A public accounting firm has been engaged annually by the Board as part of the Board's assessment of Fidelity's profitability analysis. The engagement includes the review and assessment of the methodologies used by Fidelity in determining the revenues and expenses attributable to Fidelity's fund business, and completion of agreed-upon procedures in respect of the mathematical accuracy of certain fund profitability information and its conformity to established allocation methodologies. After considering the reports issued under the engagement and information provided by Fidelity, the Board concluded that while other allocation methods may also be reasonable, Fidelity's profitability methodologies are reasonable in all material respects.

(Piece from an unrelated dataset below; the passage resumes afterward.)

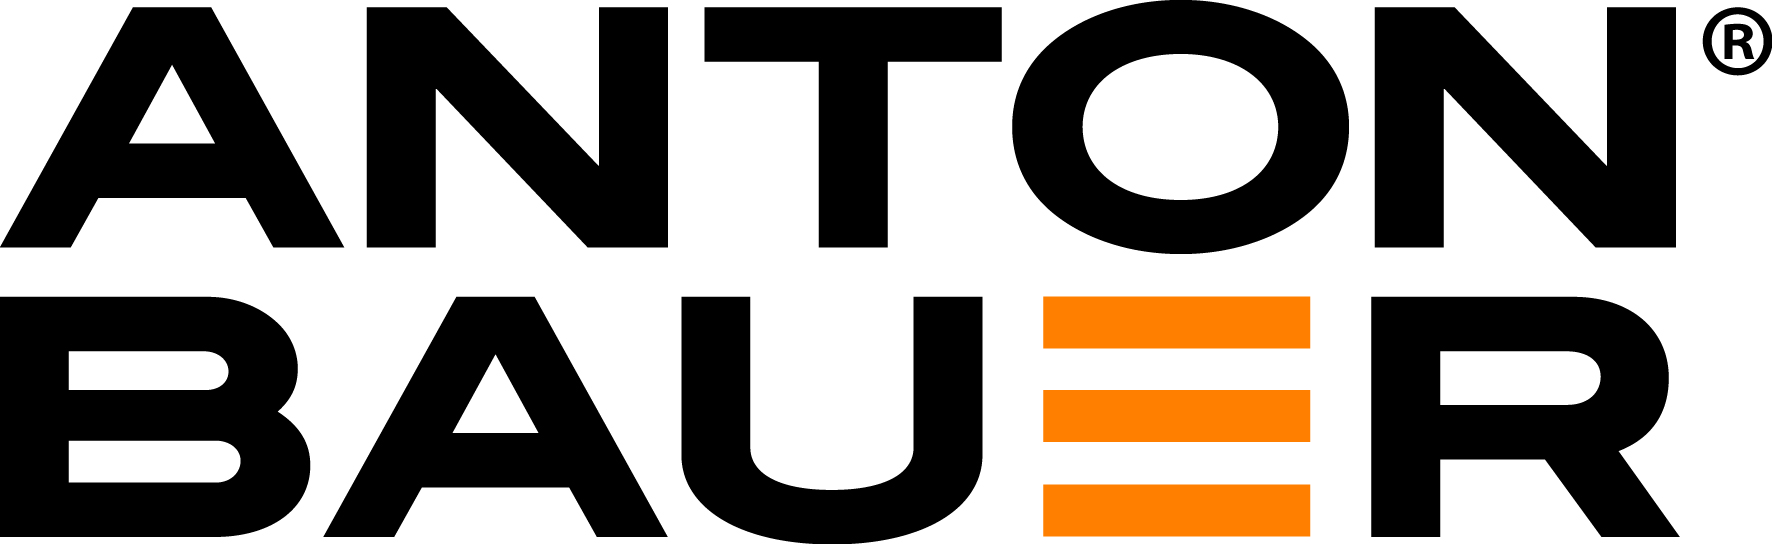 Anton Bauer logo

The Board also reviewed Fidelity's non-fund businesses and potential indirect benefits such businesses may have received as a result of their association with Fidelity's fund business (i.e., fall-out benefits) as well as cases where Fidelity's affiliates may benefit from the funds' business. The Board considered areas where potential indirect benefits to the Fidelity funds from their relationships with Fidelity may exist. The Board's consideration of these matters was informed by the findings of a joint ad hoc committee created by it and the boards of other Fidelity funds to evaluate potential fall-out benefits.
The Board considered the costs of the services provided by and the profits realized by Fidelity in connection with the operation of the fund and was satisfied that the profitability was not excessive.
Economies of Scale. The Board considered whether there have been economies of scale in respect of the management of the Fidelity funds, whether the Fidelity funds (including the fund) have appropriately benefited from any such economies of scale, and whether there is potential for realization of any further economies of scale. The Board considered the extent to which the fund will benefit from economies of scale as assets grow through increased services to the fund, through waivers or reimbursements, or through fee or expense ratio reductions. The Board also noted that a committee (the Economies of Scale Committee) created by it and the boards of other Fidelity funds periodically analyzes whether Fidelity attains economies of scale in respect of the management and servicing of the Fidelity funds, whether the Fidelity funds have appropriately benefited from such economies of scale, and whether there is potential for realization of any further economies of scale.
The Board recognized that the fund's management contract incorporates a "group fee" structure, which provides for lower group fee rates as total "group assets" increase, and for higher group fee rates as total "group assets" decrease ("group assets" as defined in the management contract). FMR calculates the group fee rates based on a tiered asset "breakpoint" schedule that varies based on asset class. The Board considered that the group fee is designed to deliver the benefits of economies of scale to fund shareholders when total Fidelity fund assets increase, even if assets of any particular fund are unchanged or have declined, because some portion of Fidelity's costs are attributable to services provided to all Fidelity funds, and all funds benefit if those costs can be allocated among more assets. The Board further considered that Fidelity agreed to impose a temporary fee waiver in the form of additional breakpoints to the current breakpoint schedule. The Board concluded that, given the group fee structure, fund shareholders will benefit from lower management fees as "group assets" increase at the fund complex level, regardless of whether Fidelity achieves any such economies of scale.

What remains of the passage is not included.